WASHINGTON — The same day Kilauea shot ash 30,000 feet into the air on Hawaii’s Big Island, the U.S. Senate passed bipartisan legislation that aims to create an early warning system for volcanoes.
Thursday’s eruption was the impetus for bringing the bill to the floor for a vote.
The legislation, which still must pass the House and be signed by President Donald Trump, directs the U.S. Geological Survey to create a new federal “volcano watch office” that would monitor active volcanoes in the U.S. and its territories on a 24/7 basis.
Kilauea helped Congress bridge the partisan divide in Congress.
Anthony Quintano/Civil Beat
Such observatories already exist in Hawaii, Alaska, California, Wyoming and Washington, but the legislation would upgrade and integrate the systems, expand the number of volcanoes that are monitored and create a grant program that would support research into emergency technologies.
“Volcanic eruptions, like the one in Hawaii and the one earlier this month at Cleveland Volcano in Alaska, are vivid reminders of why it is so critical to have continuous and reliable monitoring systems,” U.S. Sen.
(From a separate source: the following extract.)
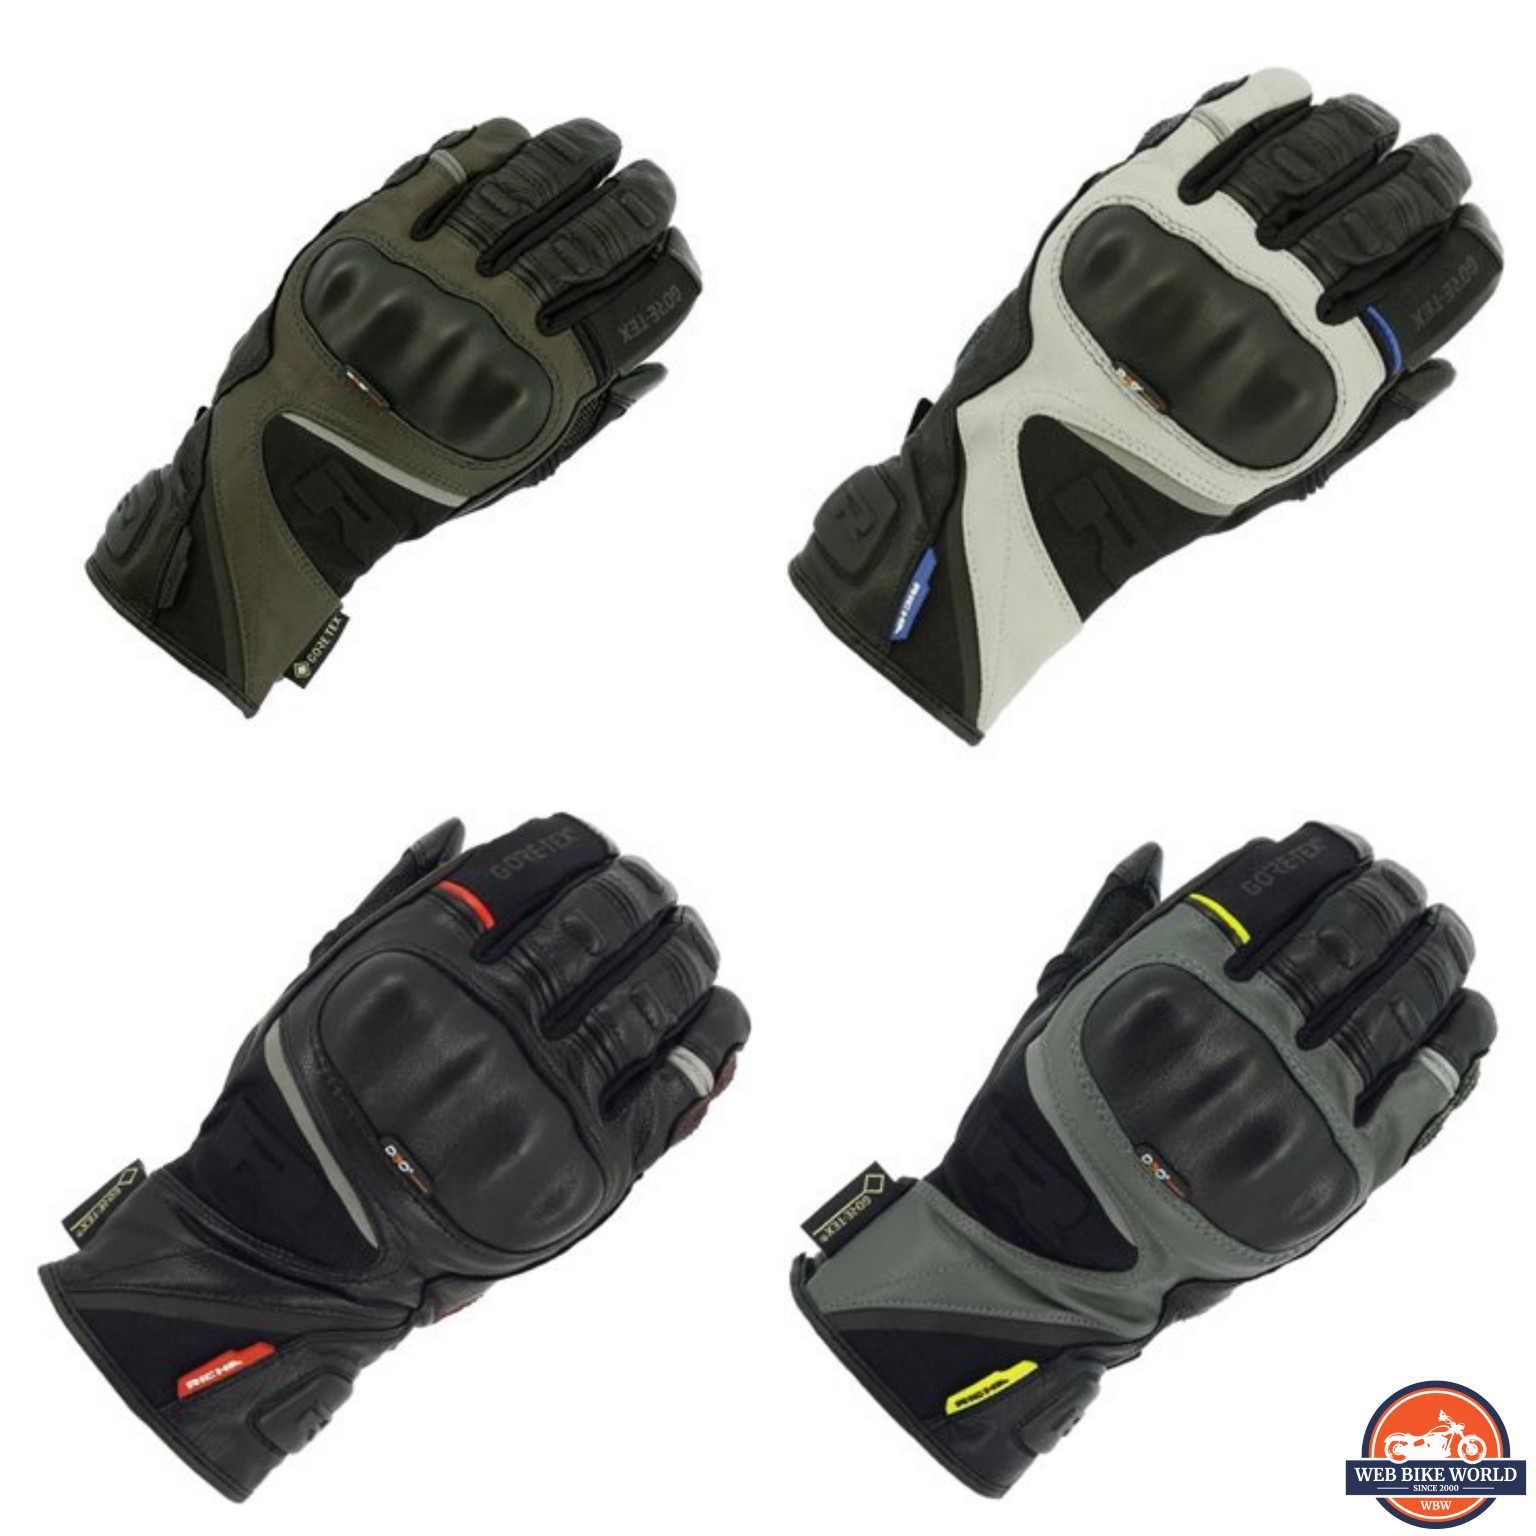 Various colours offered in the Richa Atlantic GTX gloves
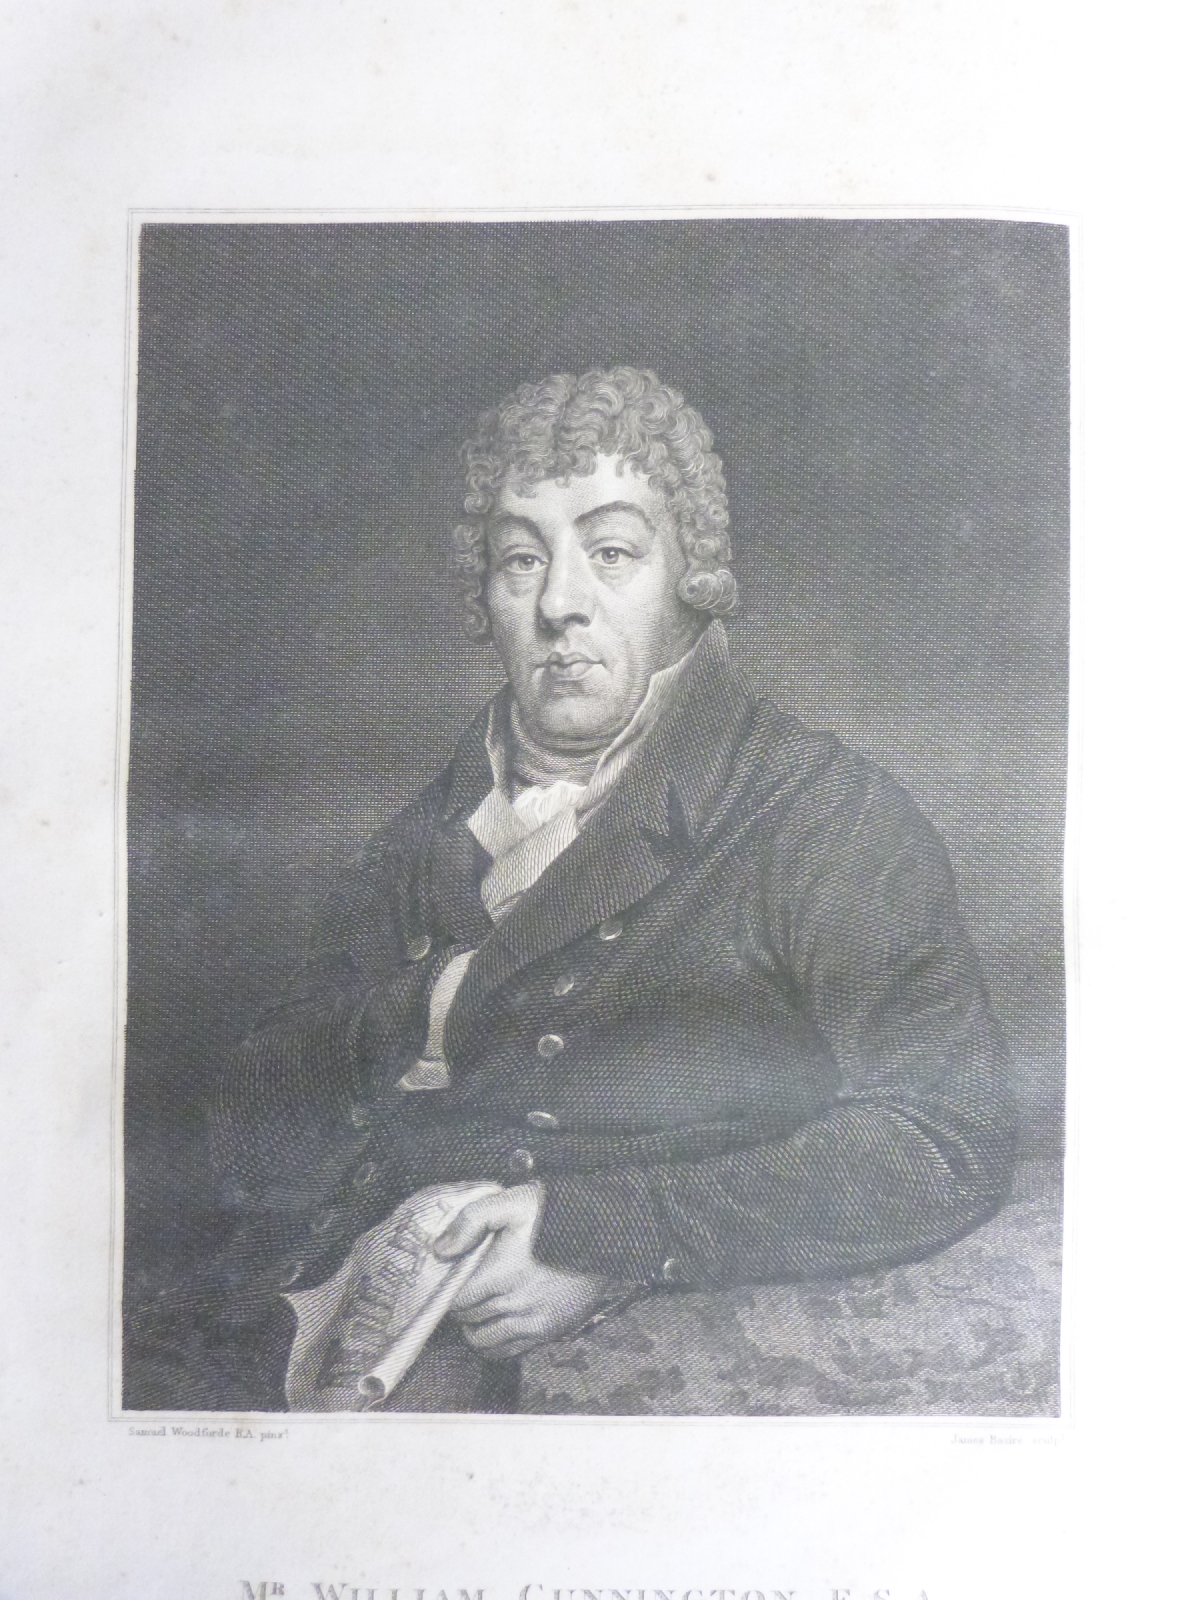 The Ancient History of South Wiltshire by Sir Richard Colt Hoare, Bart published William Miller 1812 - Image 3 of 5

Lisa Murkowski said in a statement after Thursday’s vote.
Murkowski, a Republican who represents Alaska, introduced the bill in February 2017. It was co-sponsored by U.S. Sens. Mazie Hirono, of Hawaii, and Maria Cantwell, of Washington, both of whom are Democrats.
According to the USGS, there are 169 potentially active volcanoes in the U.S. with most of them in Alaska. The Cleveland Volcano, which Murkowski mentioned in her statement, is located in the Aleutian Islands earlier this month, spewing ash 22,000 feet into the air.
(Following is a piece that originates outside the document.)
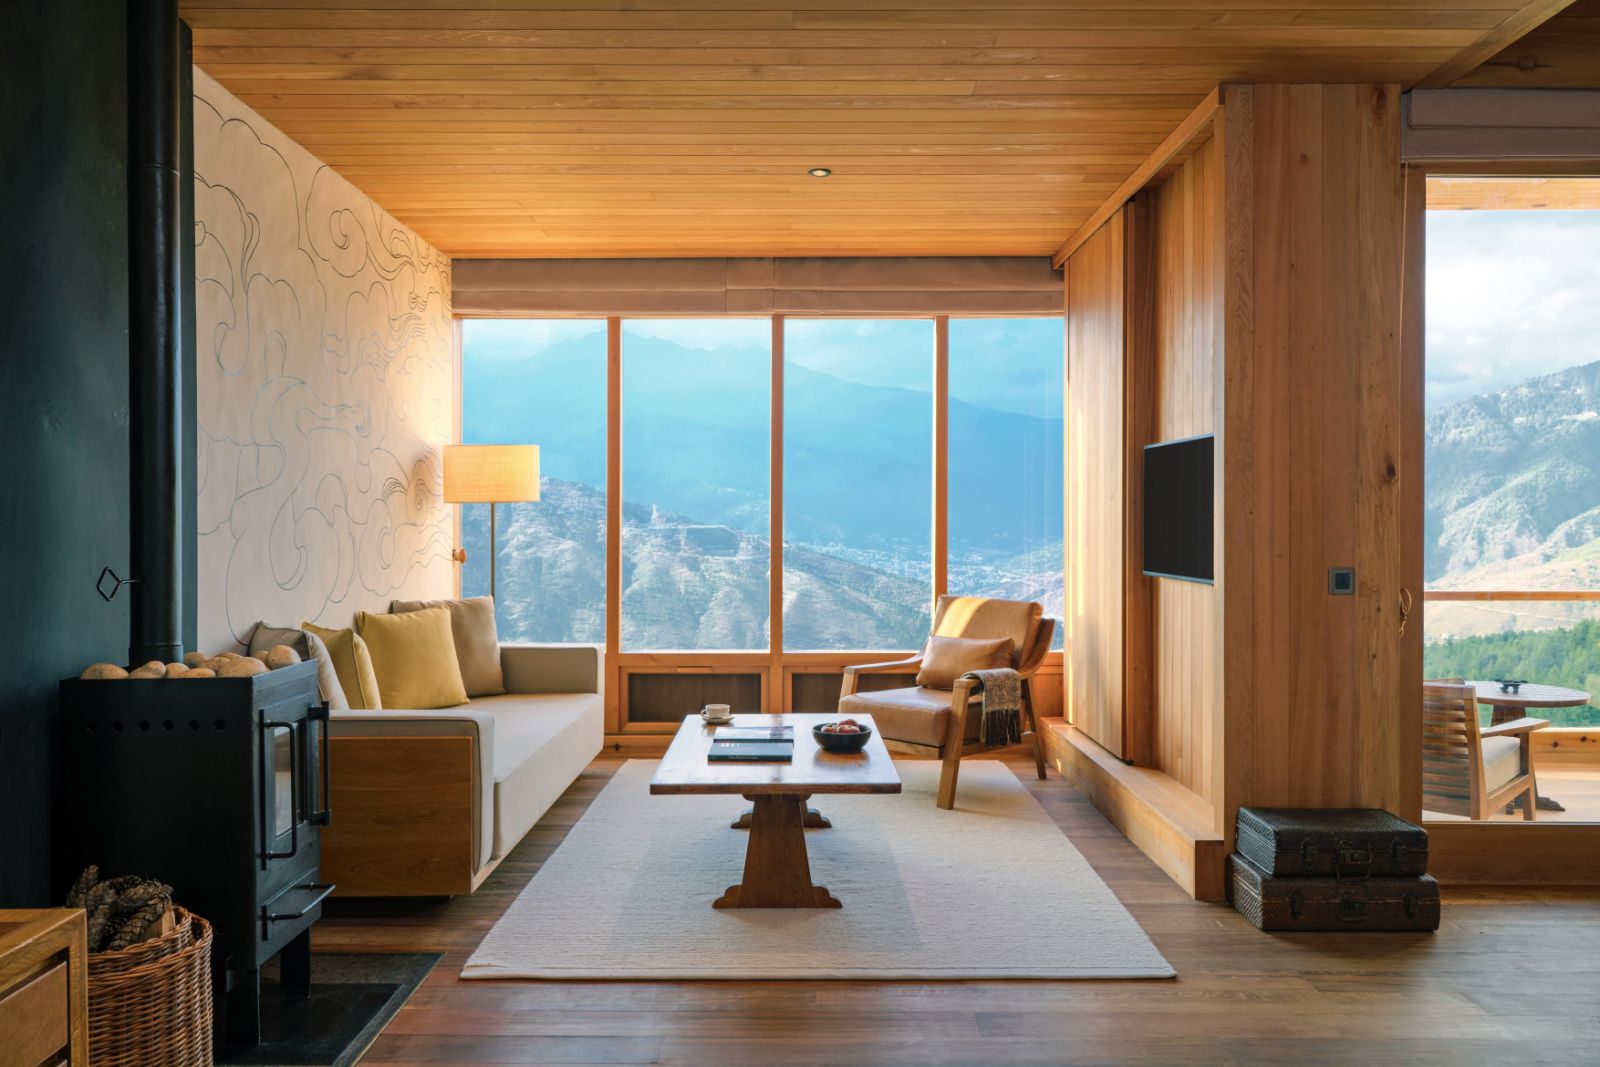 Floor-to-ceiling windows overlooking the mountains in the Thimpu Suite at luxury hotel Six Senses Thimpu Lodge in Bhutan

Recent activity at Kilauea displaced more than 2,000 residents and consumed dozens of homes. It’s also been the subject of high profile media coverage that’s reached beyond Hawaii.
“Scientists at the Hawaiian Volcano Observatory are working around the clock to provide critical, up-to-date information to keep Hawaii Island residents safe,” Hirono said in a written statement about the legislation that passed Thursday.
“This bipartisan bill supports their important efforts by updating and unifying the five volcano observatories across the nation and creating a grant program to support monitoring research and technology development.”
The Congressional Budget Office estimates that if the legislation passed Thursday were implemented it would cost $55 million between 2018 and 2022.